- Task to carry out -
Set the listing down again in full, word for word, with the pictures left out.

- Data -
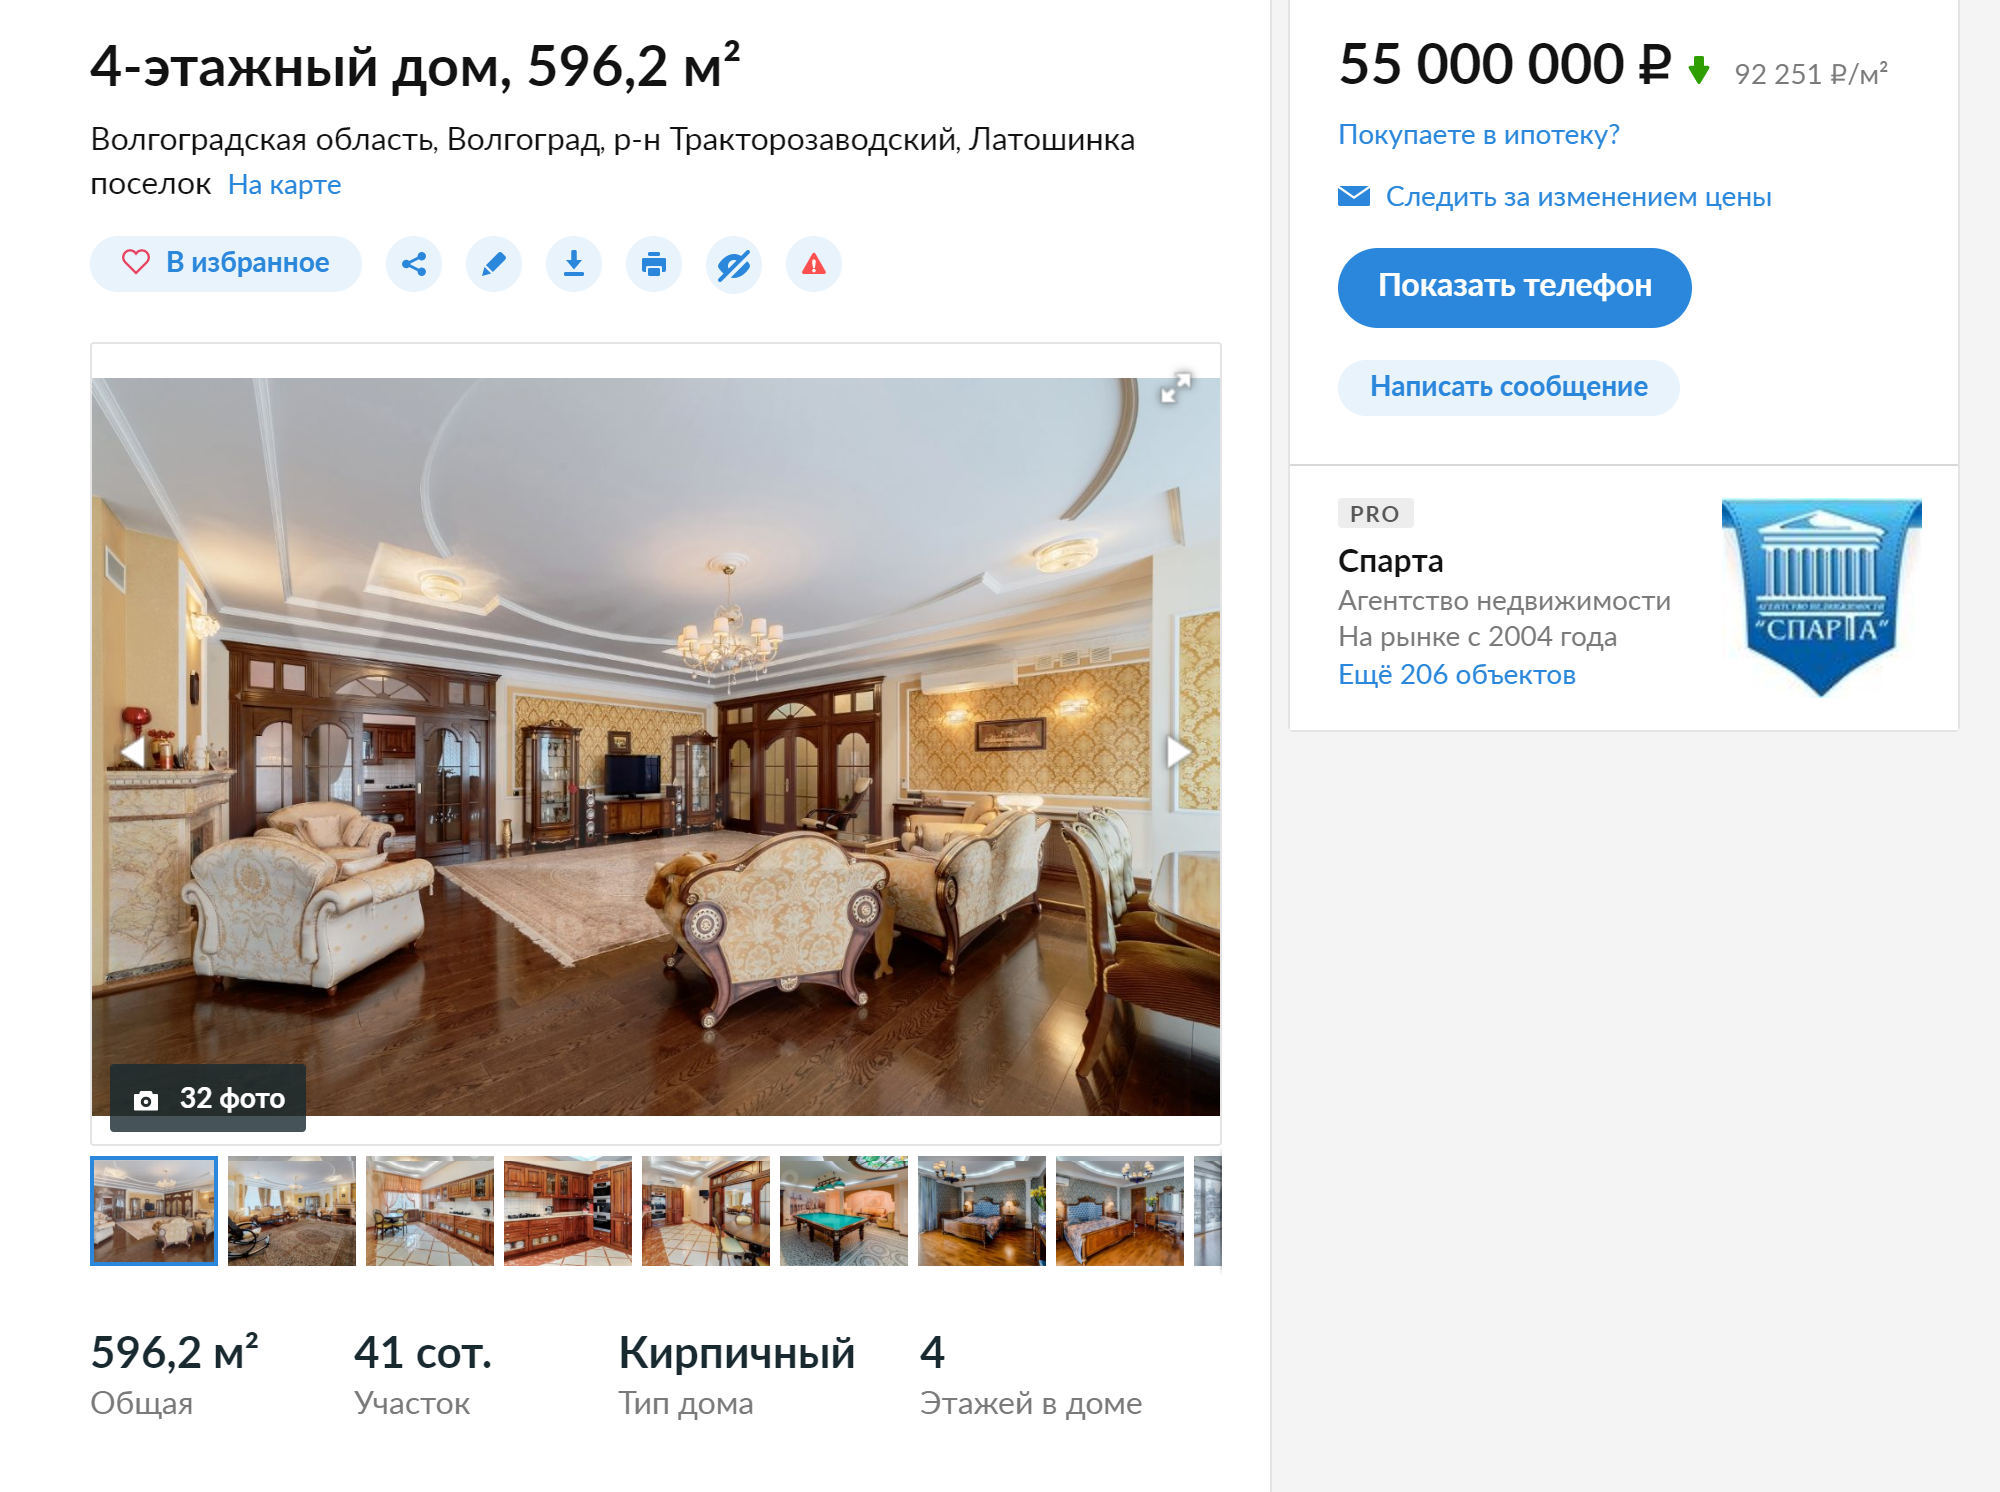 Самый дорогой коттедж в «Латошинке» за 55 млн рублей — четыре этажа, бильярдная, кинотеатр, бассейн и участок площадью 4100 м²
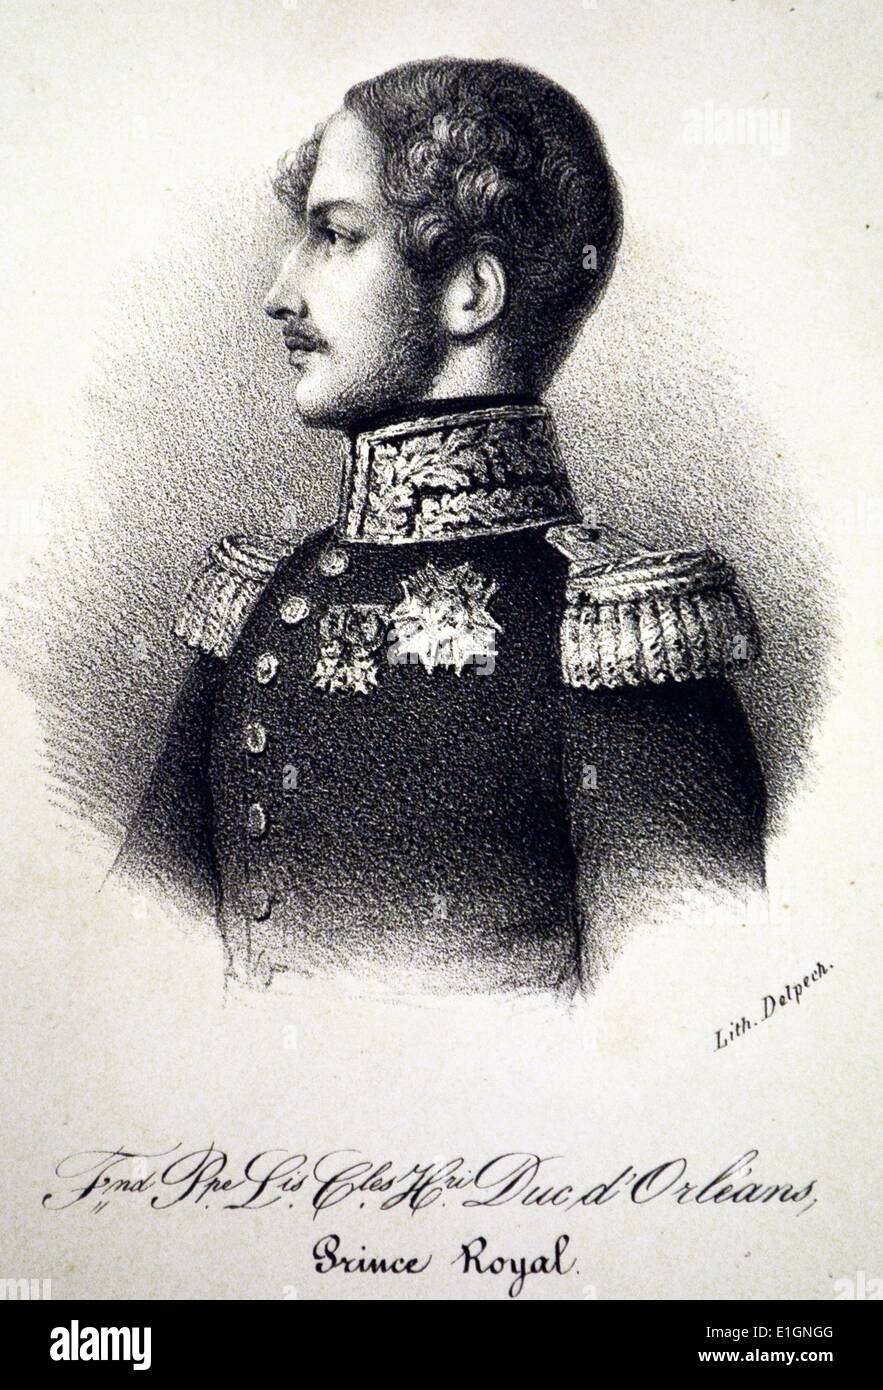 Ferdinand Philippe di Orleans, Prince Royal (1810-1842), primogenito di Louis Philippe I di Francia. Lithograh, Parigi, c1840. Foto Stock
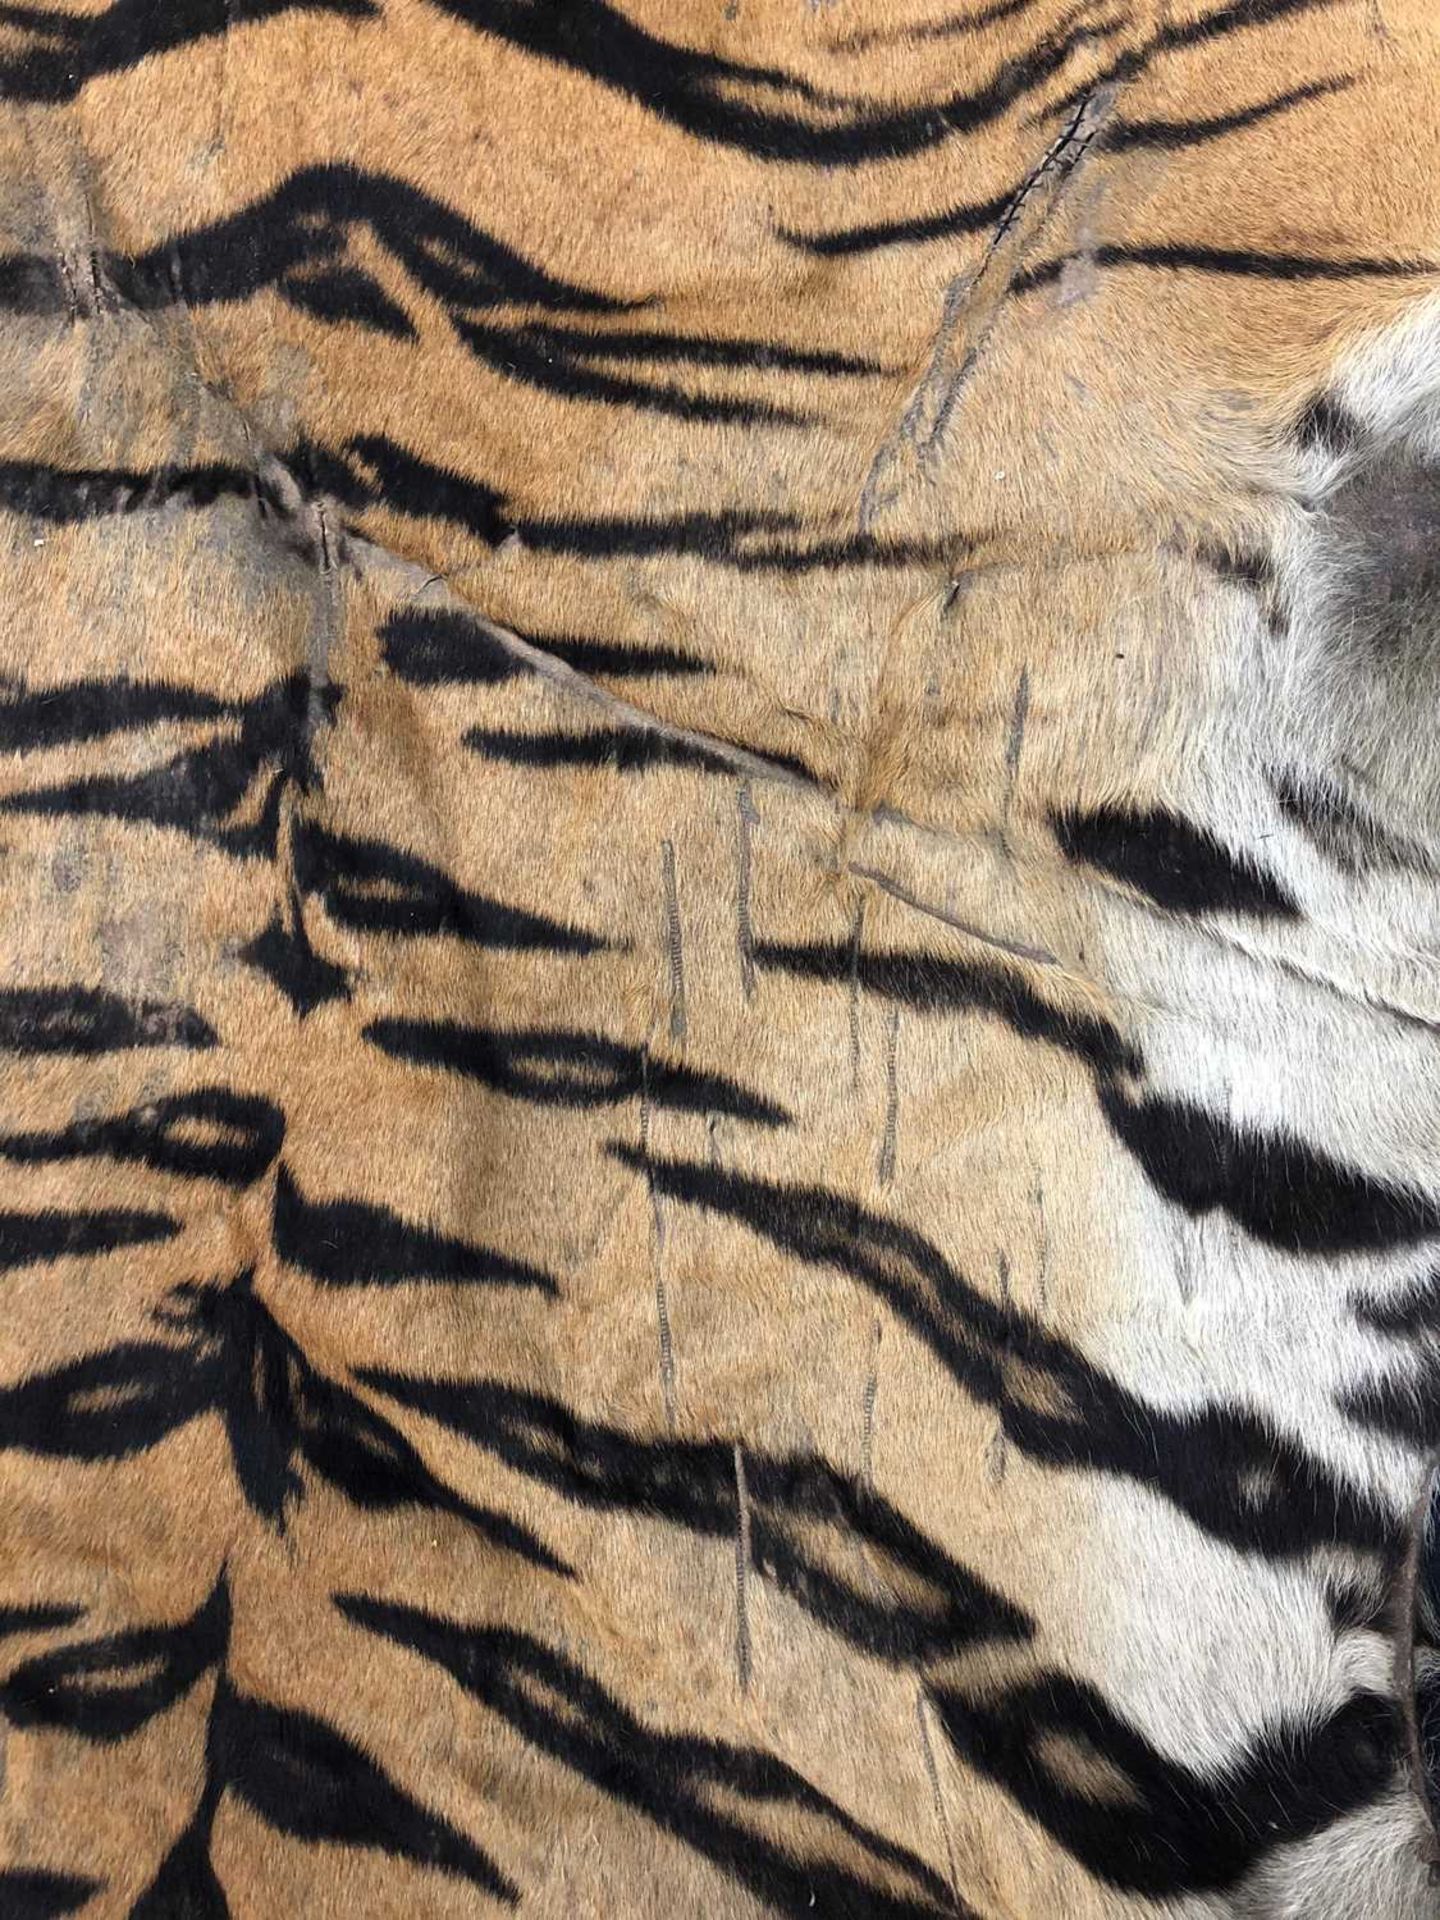 Taxidermy: A taxidermy tiger skin rug by Rowland Ward - Image 8 of 26

- Your solution -
 Самый дорогой коттедж в «Латошинке» за 55 млн рублей — четыре этажа, бильярдная, кинотеатр, бассейн и участок площадью 4100 м²
 Ferdinand Philippe di Orleans, Prince Royal (1810-1842), primogenito di Louis Philippe I di Francia. Lithograh, Parigi, c1840. Foto Stock
 Taxidermy: A taxidermy tiger skin rug by Rowland Ward - Image 8 of 26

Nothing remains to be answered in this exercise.